What you will do
Return all of the data exactly as written, without the pictures.

Given information
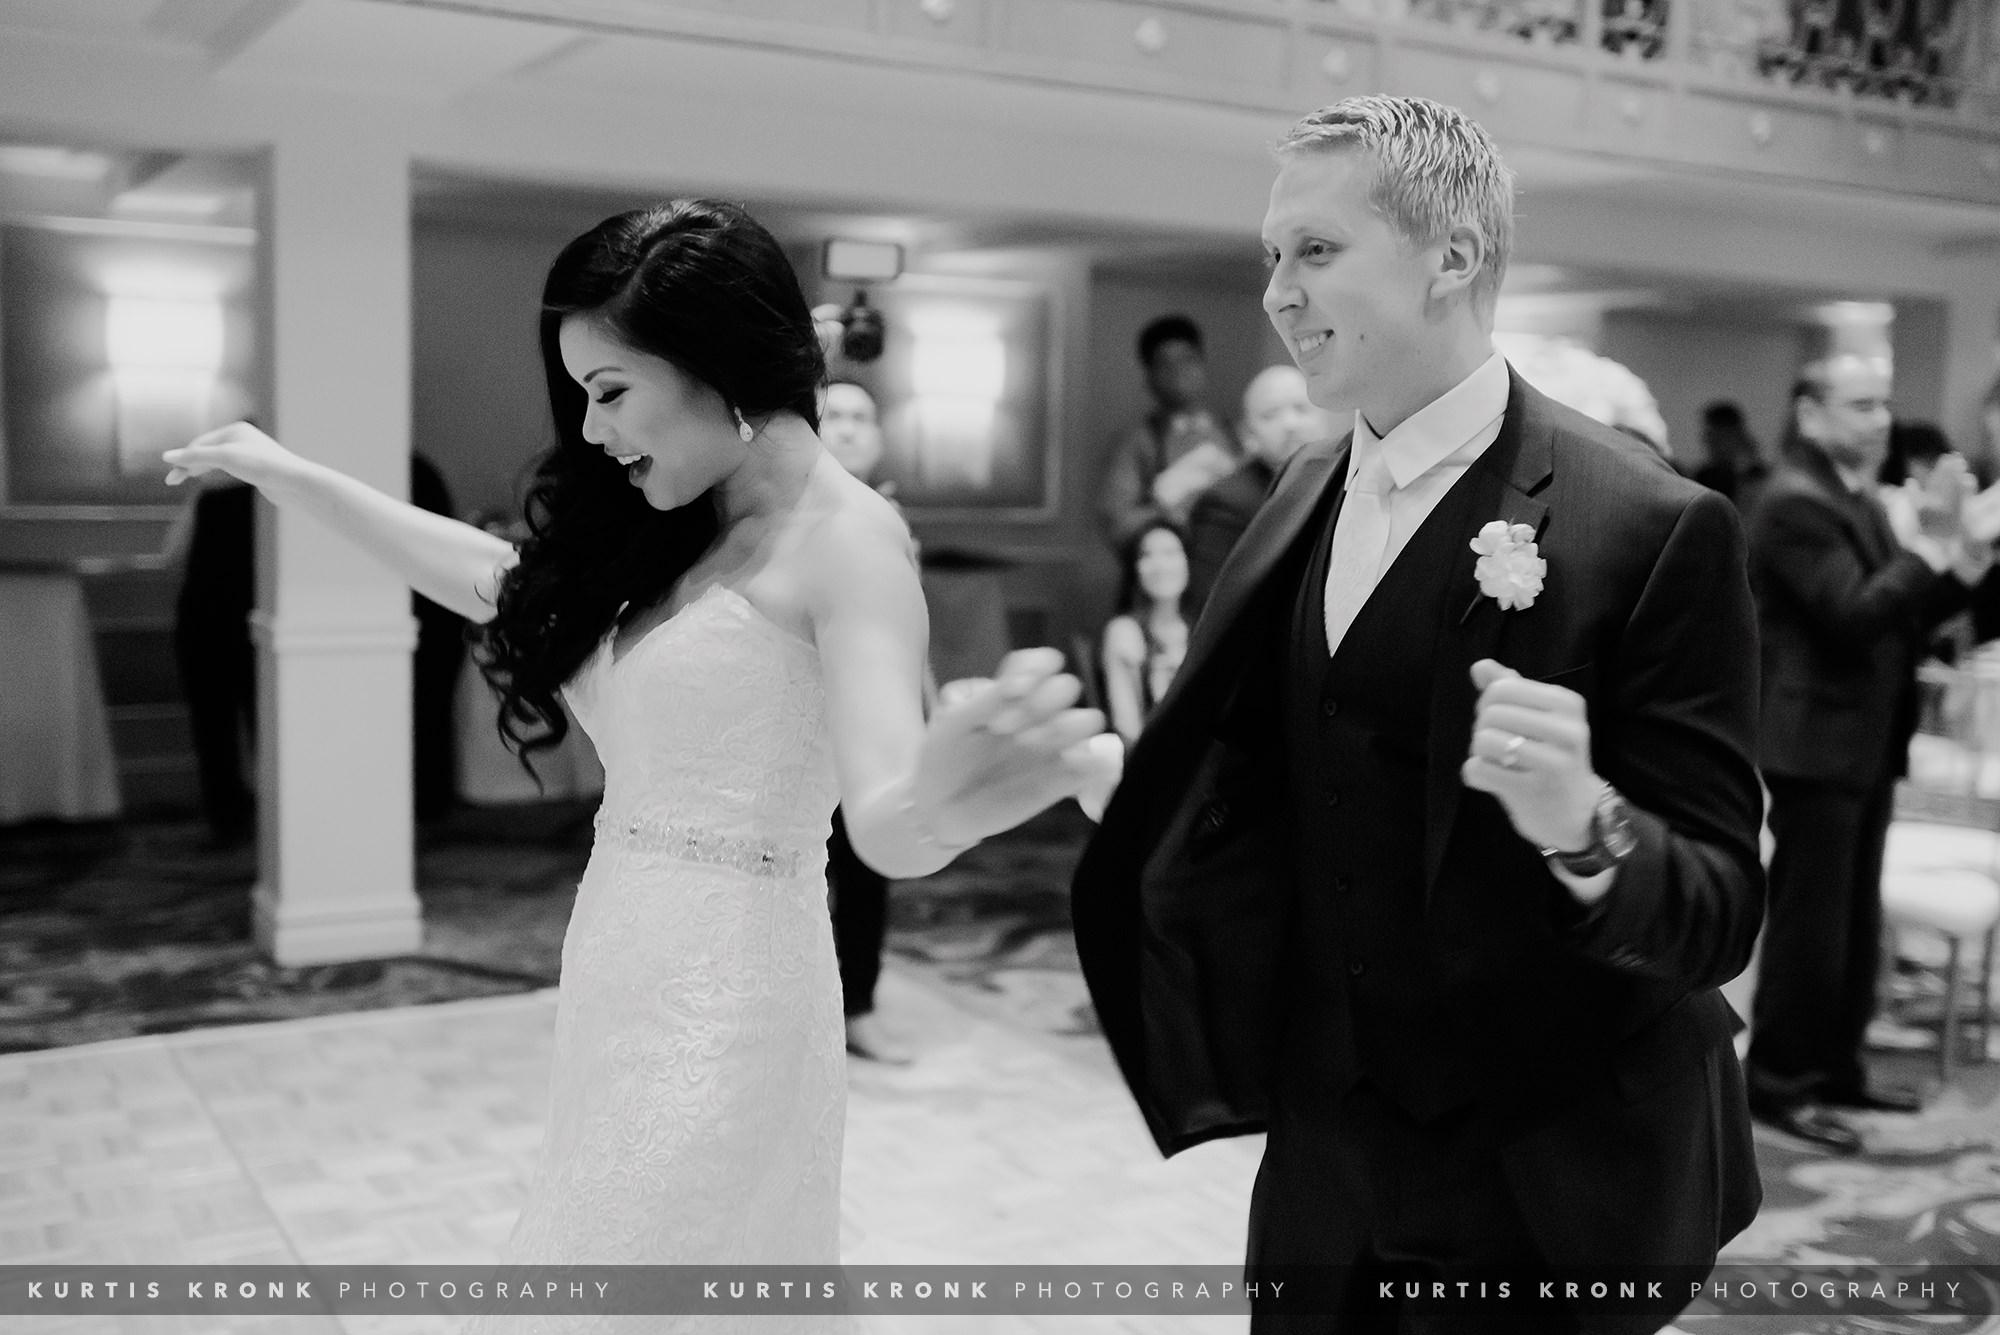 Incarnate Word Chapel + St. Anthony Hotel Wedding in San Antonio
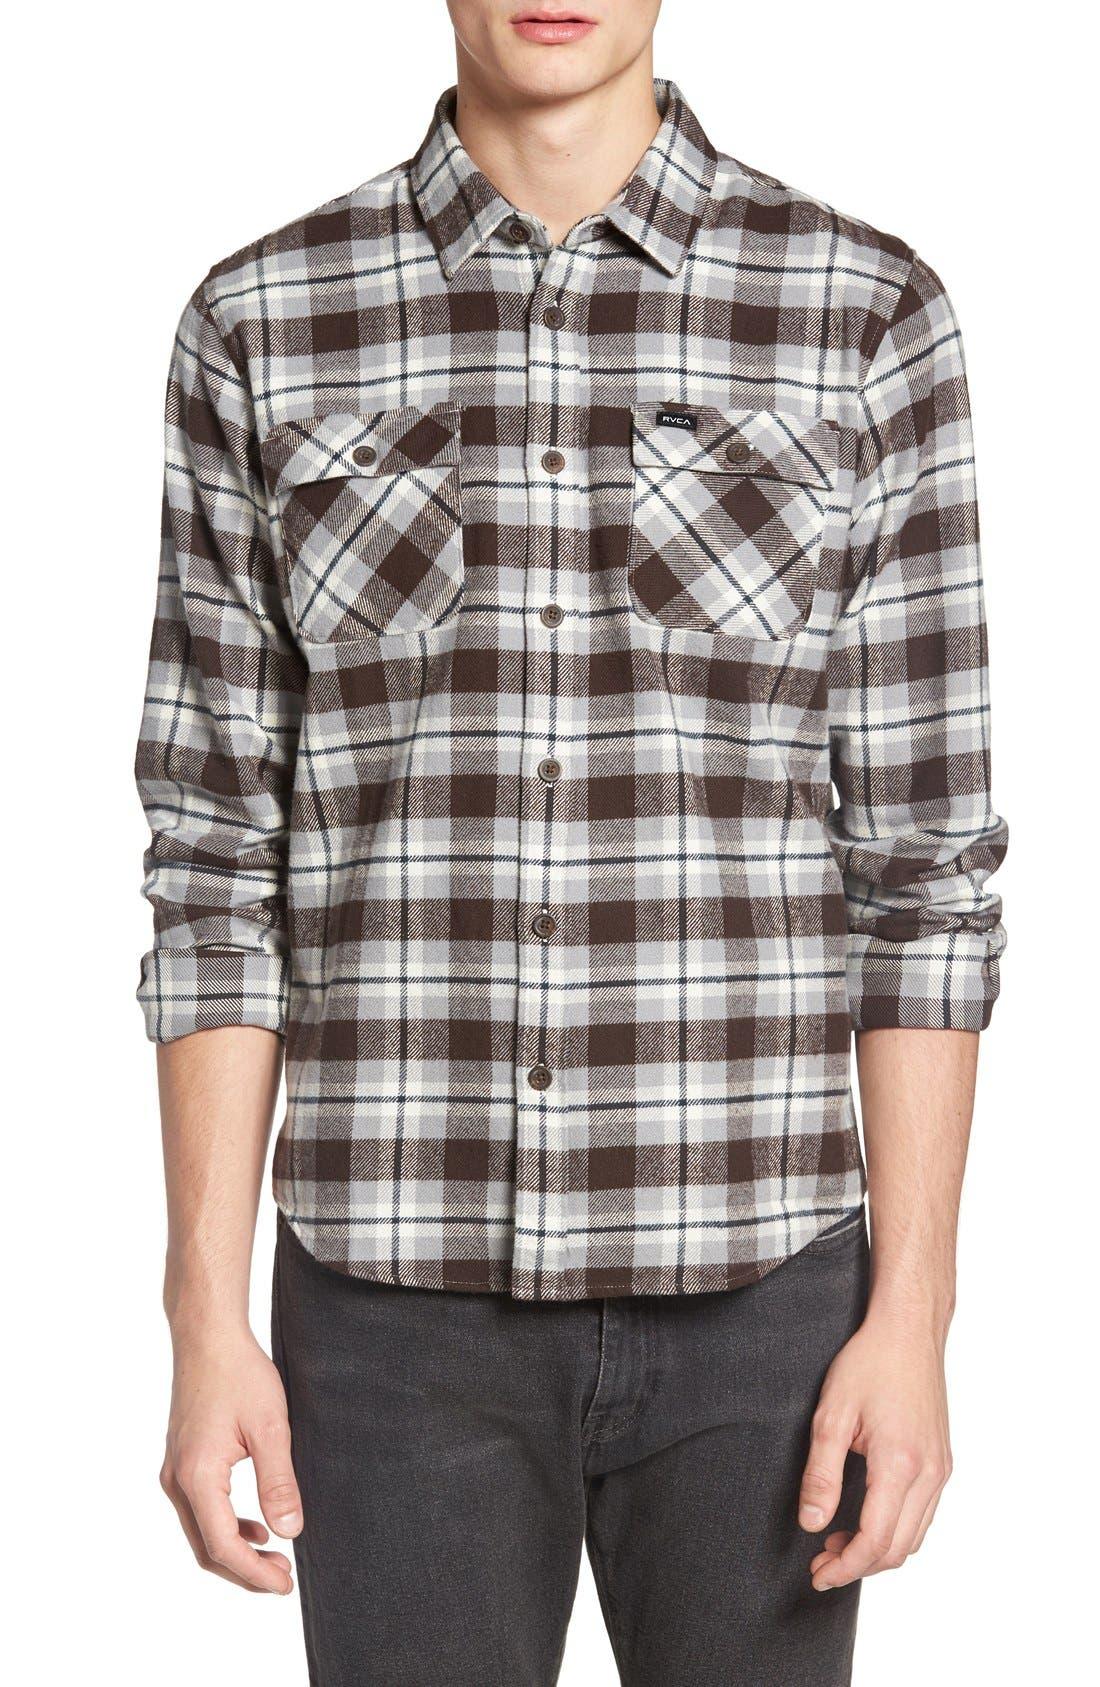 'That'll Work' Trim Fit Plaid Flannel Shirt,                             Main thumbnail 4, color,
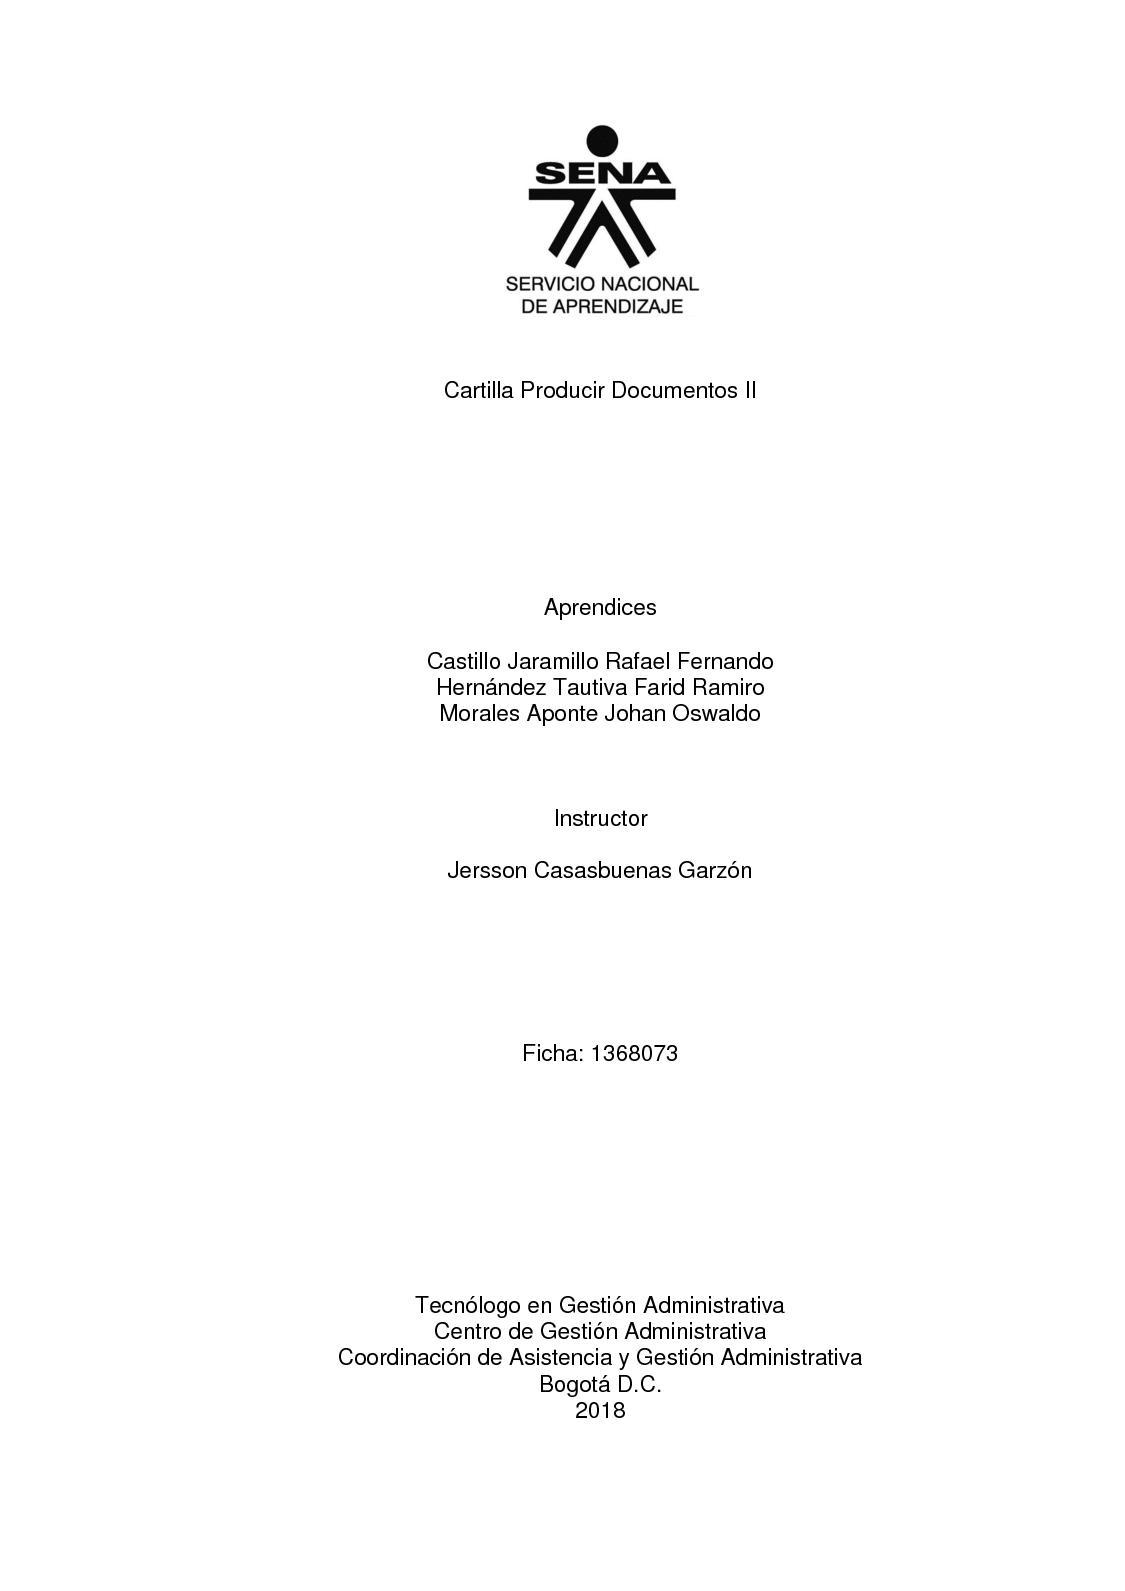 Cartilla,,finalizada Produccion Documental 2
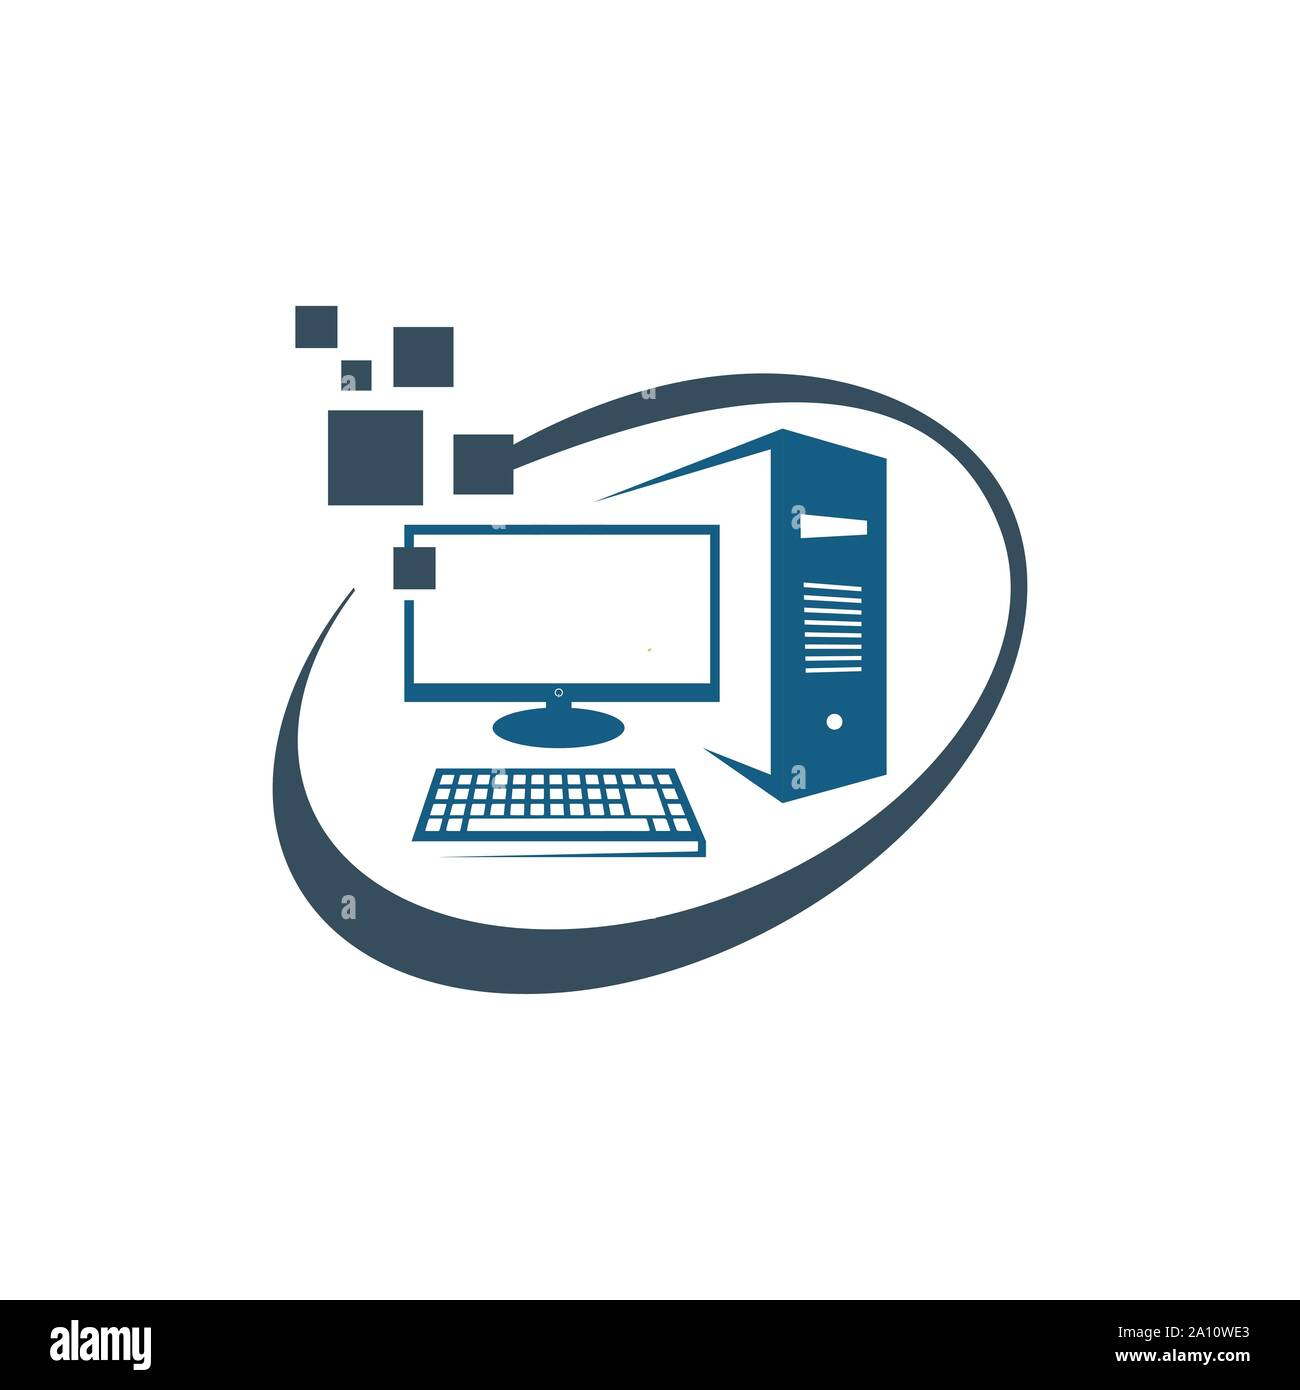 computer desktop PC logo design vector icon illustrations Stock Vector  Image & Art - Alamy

Answer space
 Incarnate Word Chapel + St. Anthony Hotel Wedding in San Antonio
 'That'll Work' Trim Fit Plaid Flannel Shirt,                             Main thumbnail 4, color,
 Cartilla,,finalizada Produccion Documental 2
 computer desktop PC logo design vector icon illustrations Stock Vector  Image & Art - Alamy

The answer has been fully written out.